We look forward to seeing everyone!


----------



## p&y finally (Aug 12, 2010)

Great shoot! 
We'll be there.


----------



## frdstang90 (Aug 13, 2010)

What are plans for tomorrow if it rains?


----------



## northgeorgiasportsman (Aug 13, 2010)

Eric, go ahead and put some Rain-X on your lenses.


----------



## brownitisdown (Aug 13, 2010)

northgeorgiasportsman said:


> Eric, go ahead and put some Rain-X on your lenses.

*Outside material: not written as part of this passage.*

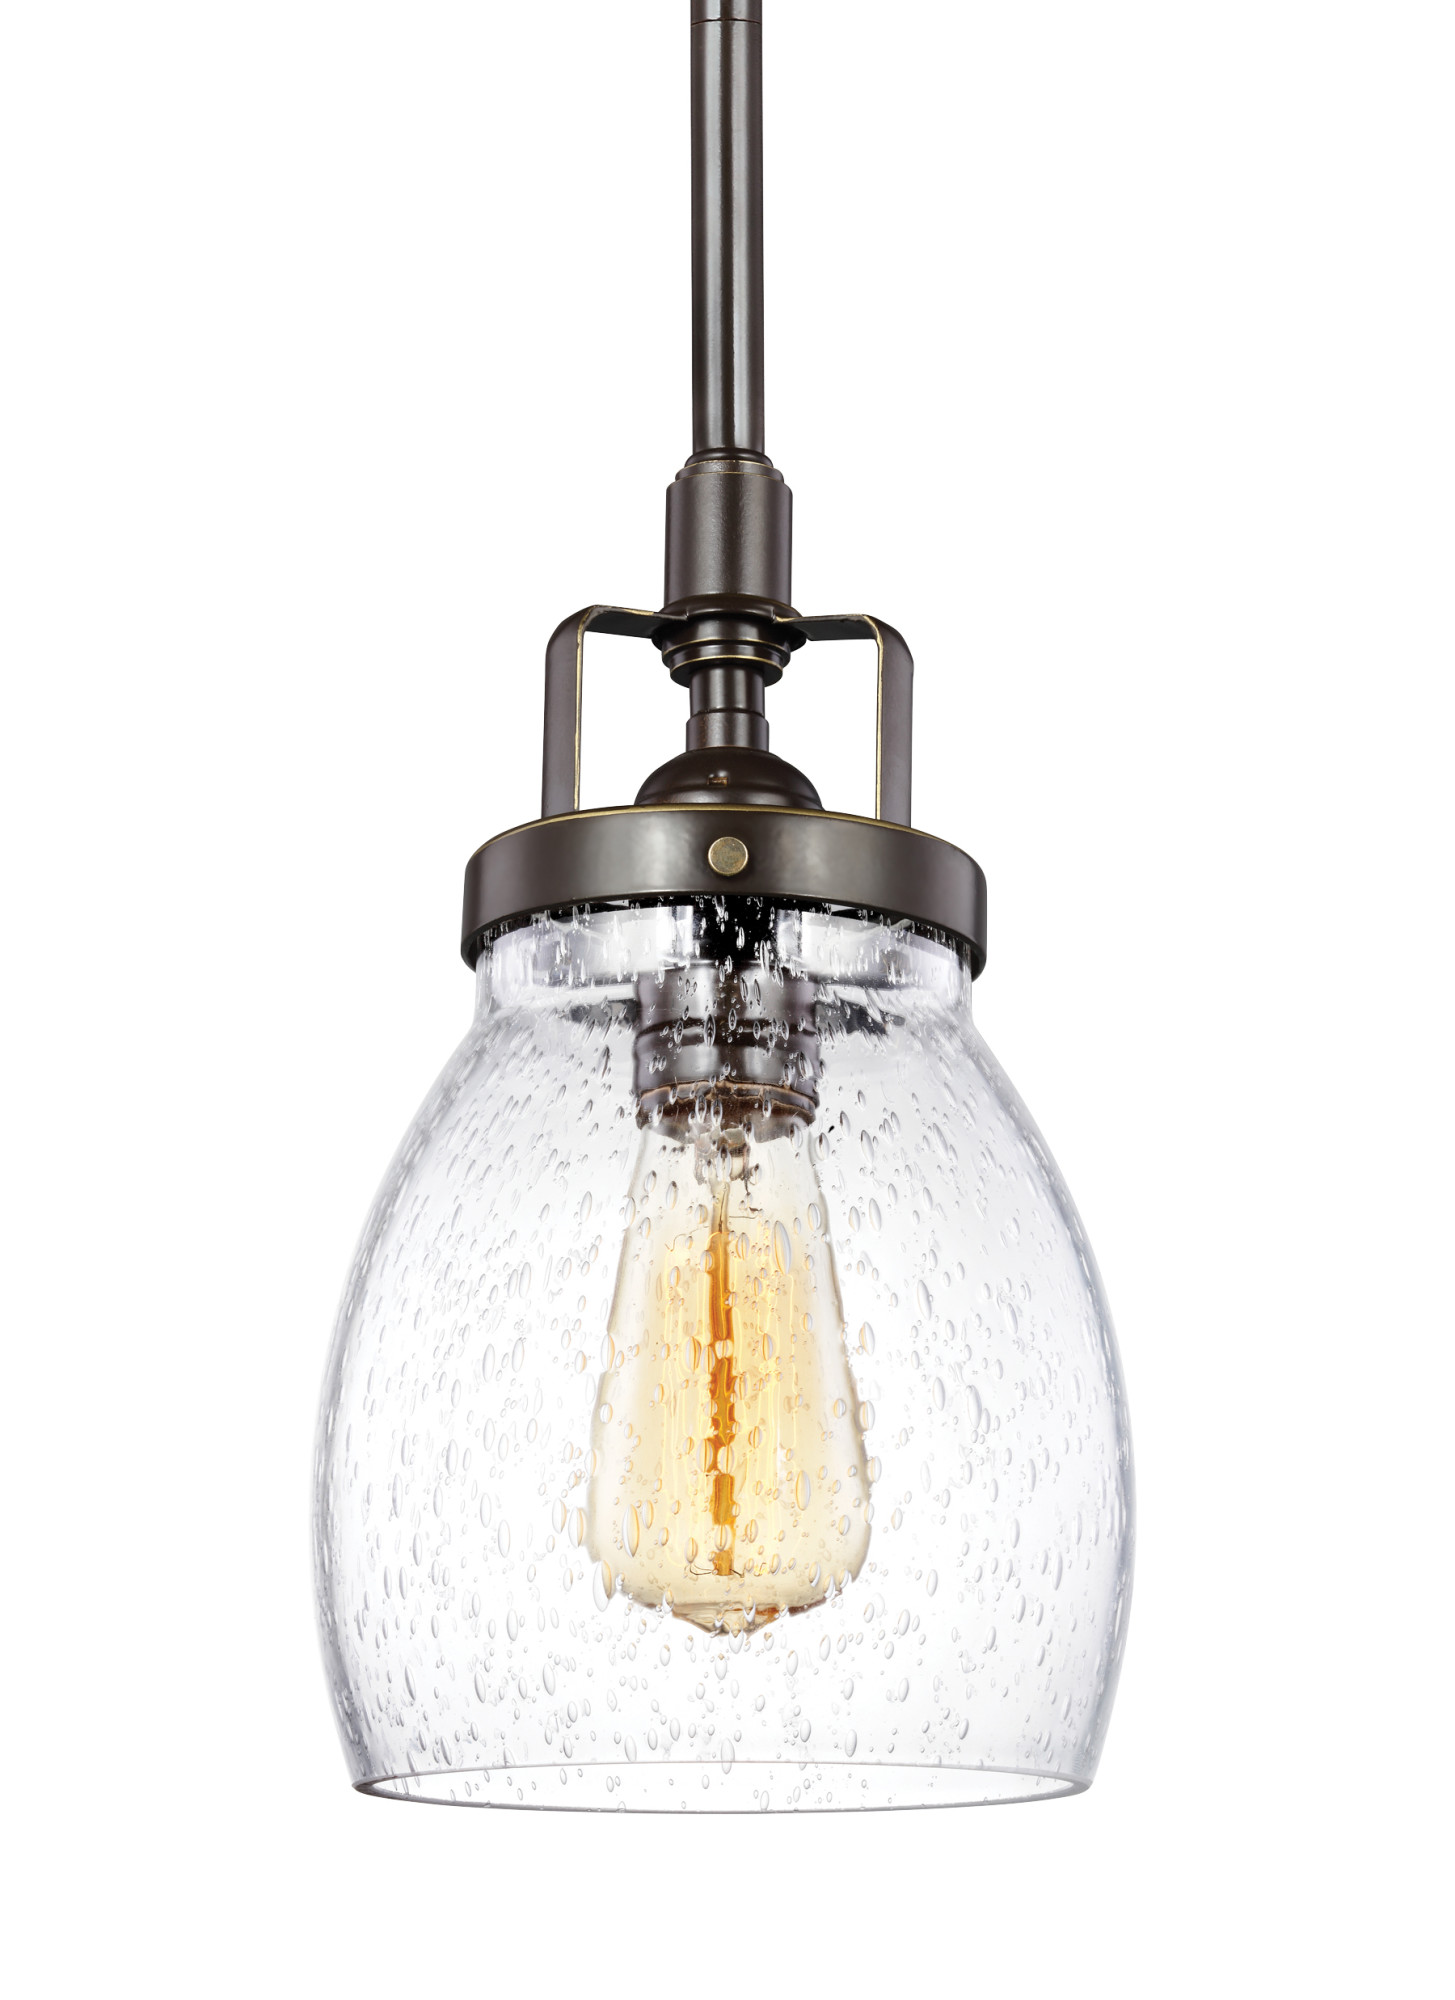 sea gull lighting 6114501 belton 1 light 5 3 8 wide mini pendant walmart com

that why you need to shoot traditional just point and shoot


----------



## james hyde (Aug 14, 2010)

A big thank you to all the BC Grant members, great job again! Rev Stone brought it big time. We had a big time visiting with you all today, it is always like a homecoming. Congratulations to all the winners, some fine scores were turned in overall, 'ol Stuffer did us proud on the long shot. Boy howdy, that was a demented individual who set up the Iron man, good job!


----------



## frdstang90 (Aug 14, 2010)

I had a great time.  Awsome message and great shoot.


----------



## chiefsquirrel83 (Aug 15, 2010)

Great Message, Great Shoot, Great Weather, Great Fellowship! Could not have asked for better!


----------



## brownitisdown (Aug 15, 2010)

it was a qreat shoot as it has always been looking forward to next year


----------



## stuffer (Aug 15, 2010)

just wanted to let yall know we really enjoy shooting up there with yall the speaker really brought it as always also liked the long shot, that was the best shot I made all day thanks for evarything yall do to get the word out


----------



## oldgeez (Aug 18, 2010)

congrats stuffer, you da man.  i can bearly see that target..and you shoot a fixed pin sight????


----------



## pinkdanielle :] (Sep 7, 2010)

I went to this shoot. Loved it! Shot 4 up :]


----------